First, we go through all the user feedback and pick only the ones that were rated highly — so we are not polluting our knowledge base with weak or misleading data. Then we treat these high-quality Q&A examples just like source content — we stitch the question and its answer together and toss it into our data pool.

We combine everything — old documents and new Q&A — into one big string and slice it into manageable chunks, like we did with the original PDF. Each chunk gets embedded into a vector and inserted into a FAISS index. From this point on, our retriever is not just searching the original document — it is also able to surface these strong answers when relevant.

The beauty here is that we are not retraining a language model. We are just evolving the retrieval layer with user input. That is efficient, safe, and very aligned with real-world needs.

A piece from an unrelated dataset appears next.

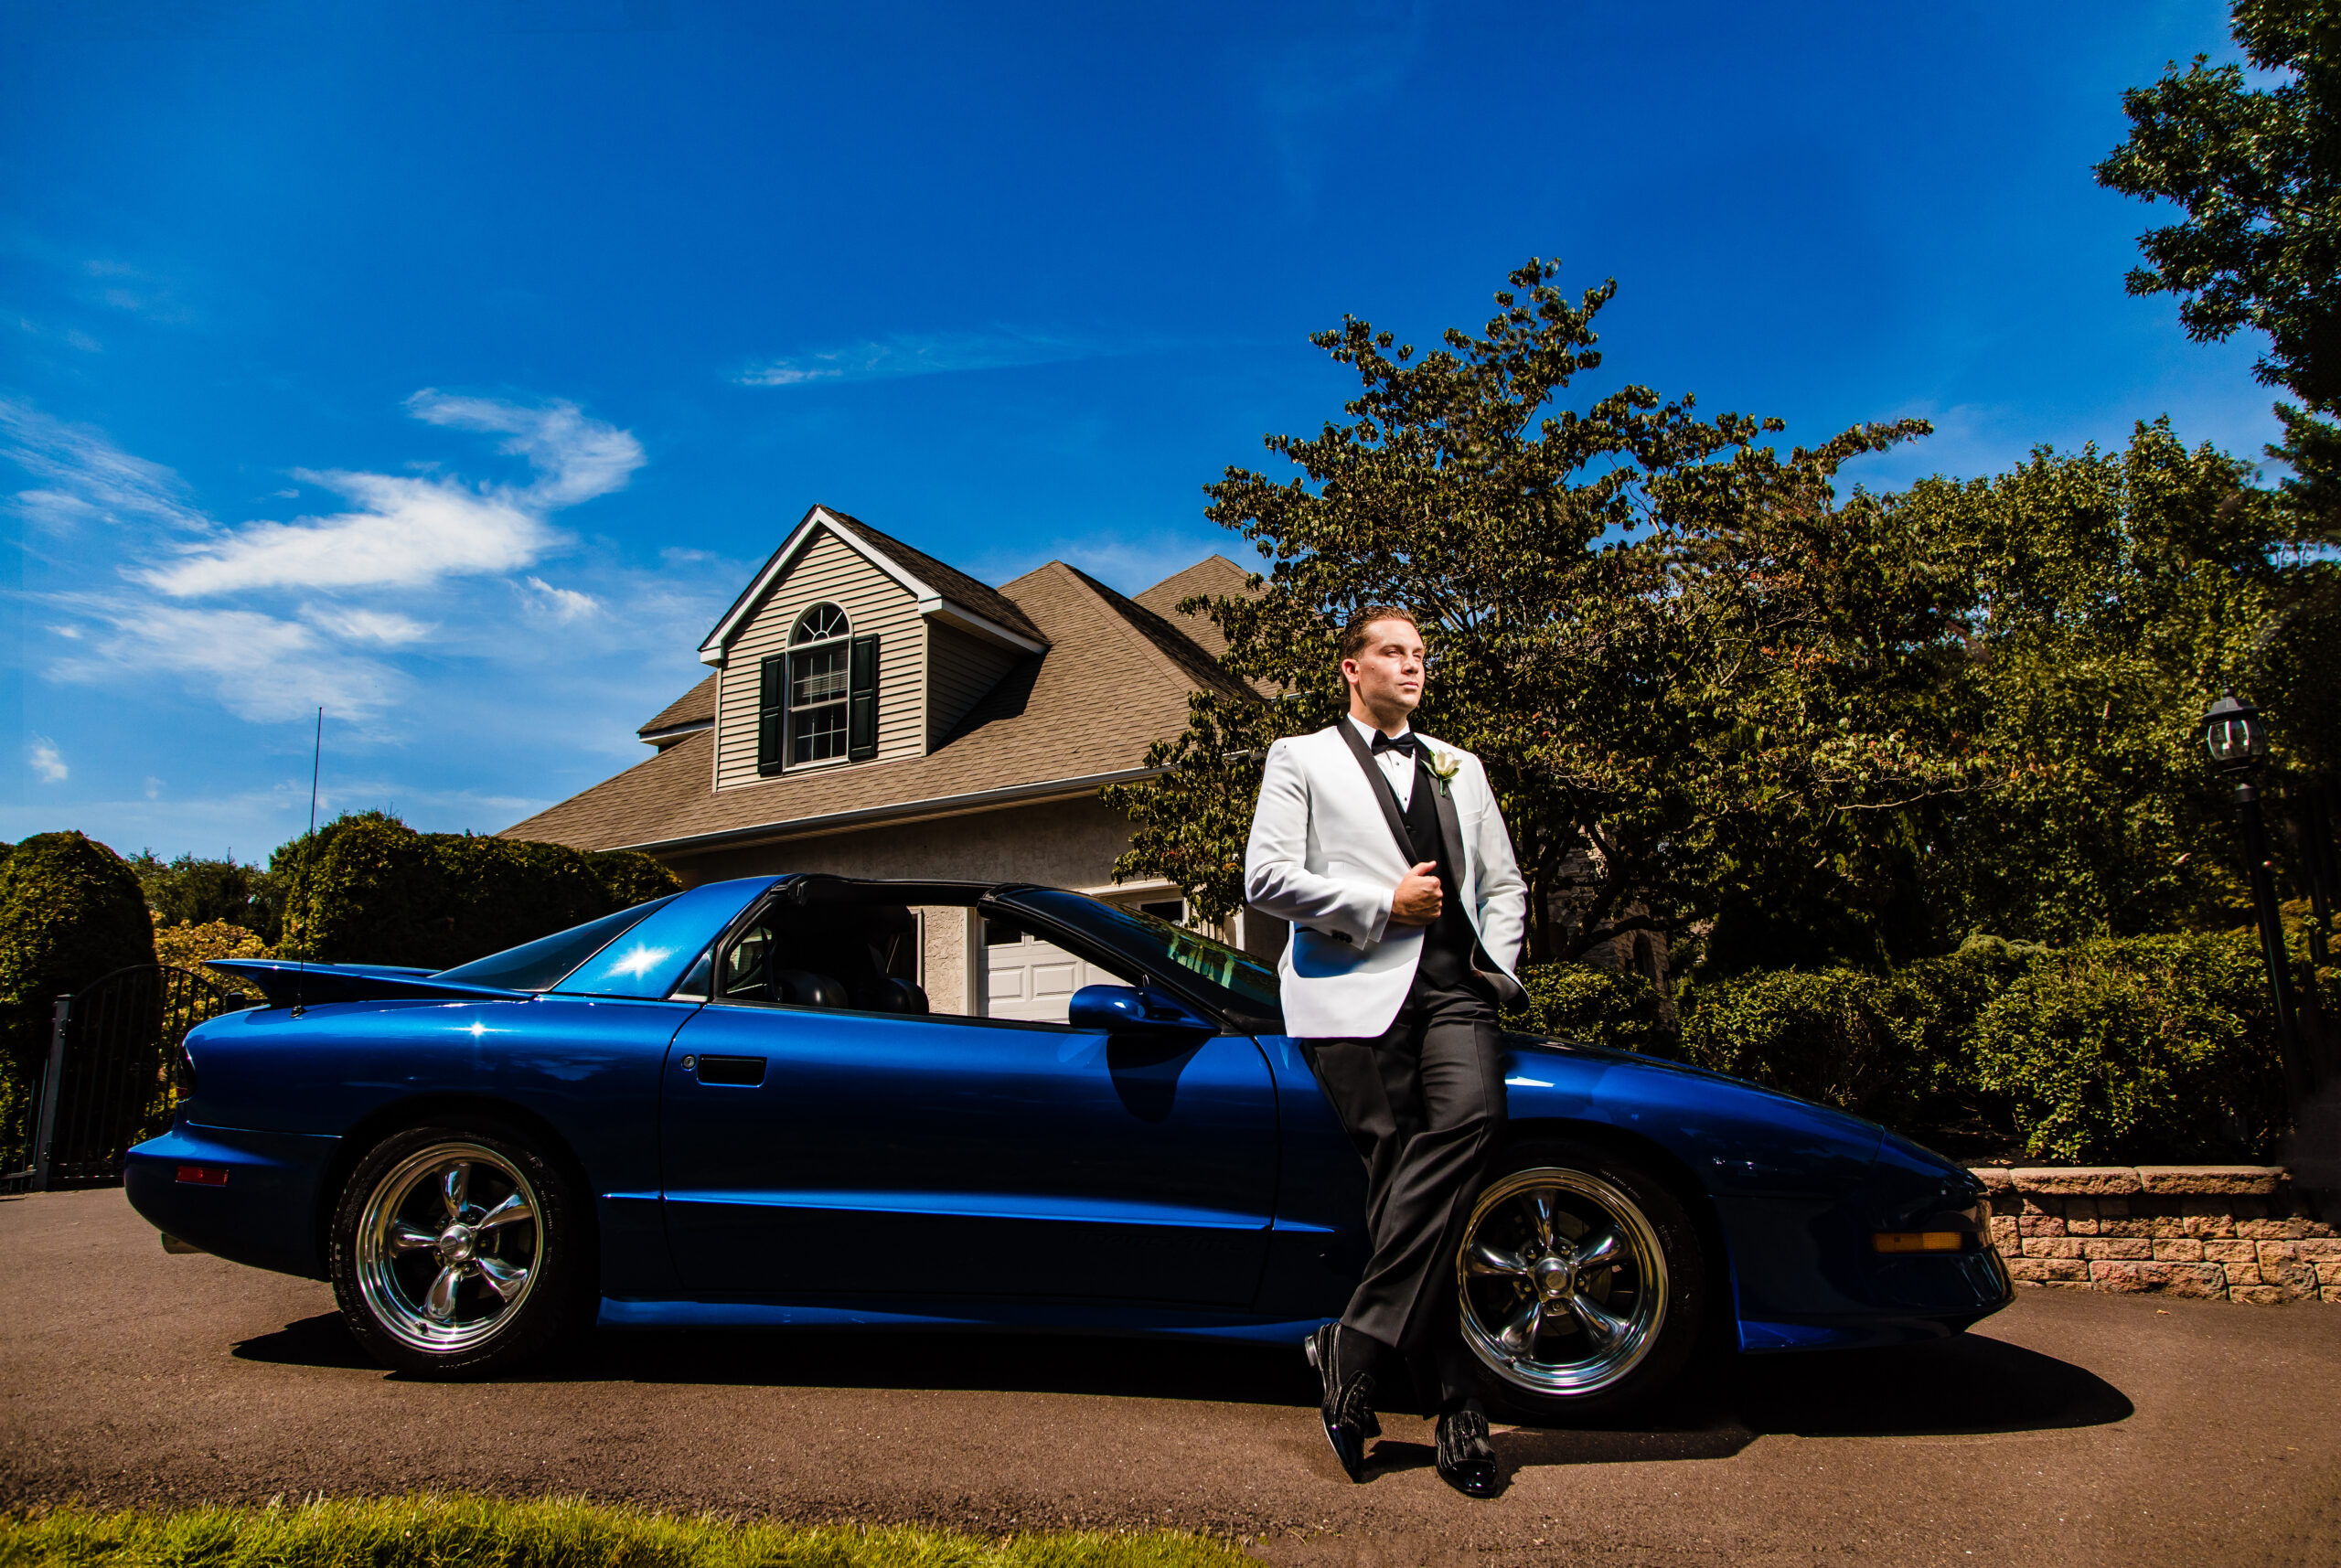 A creatively posed portrait of the groom on his wedding day, proudly standing with his blue convertible car. This stylish and timeless moment was expertly captured by Jarot Bocanegra Photography.

### Full system demo: Query → Feedback → Adjustment
Here’s how the full pipeline works from query to fine-tuning.

In [10]:
# Ask a question
query = "What is the greenhouse effect?"

# Step 1: Get response from RAG system
response = qa_chain.invoke(query)["result"]

# Step 2: Assume the user provides high scores
relevance = 5
quality = 5
# Collect feedback
feedback = get_user_feedback(query, response, relevance, quality)

# Step 3: Store feedback
store_feedback(feedback)

# Step 4: Adjust relevance scores for future retrievals
docs = retriever.invoke(query)
adjusted_docs = adjust_relevance_scores(query, docs, load_feedback_data())

# Update the retriever with adjusted docs
retriever.search_kwargs['k'] = len(adjusted_docs)  # Set k to number of adjusted docs
retriever.search_kwargs['docs'] = adjusted_docs   # Inject the re-scored documents

This executes a full loop: generate → collect feedback → adapt ranking → prepare for improved next retrieval.

A query is asked, a response is generated, and the user gives feedback. But instead of just logging that feedback and moving on, we immediately put it to use.

We fetch the documents again, and now we use our adjustment logic: does any of the previous feedback apply to these documents? If so, we change how important those documents are. The ones supported by high-quality past feedback are bumped up in ranking, the others stay the same or get nudged down.

Then, instead of re-indexing the vectorstore (which is heavier), we do something much lighter: we tell the retriever, “Hey, next time you use this query, take these docs and treat them as pre-ranked based on learned preferences.” It's an effective way to make our system feel smarter without retraining anything. It gives the illusion of learning — because in a way, it is.





### Finetune the vectorstore periodicly
This should be scheduled periodically (e.g., daily) to keep the system sharp.

In [11]:
# Periodically (e.g., daily or weekly), fine-tune the index
feedback_data = load_feedback_data()
new_vectorstore = fine_tune_index(feedback_data, content)
retriever = new_vectorstore.as_retriever()

This ensures the index keeps learning from its best interactions.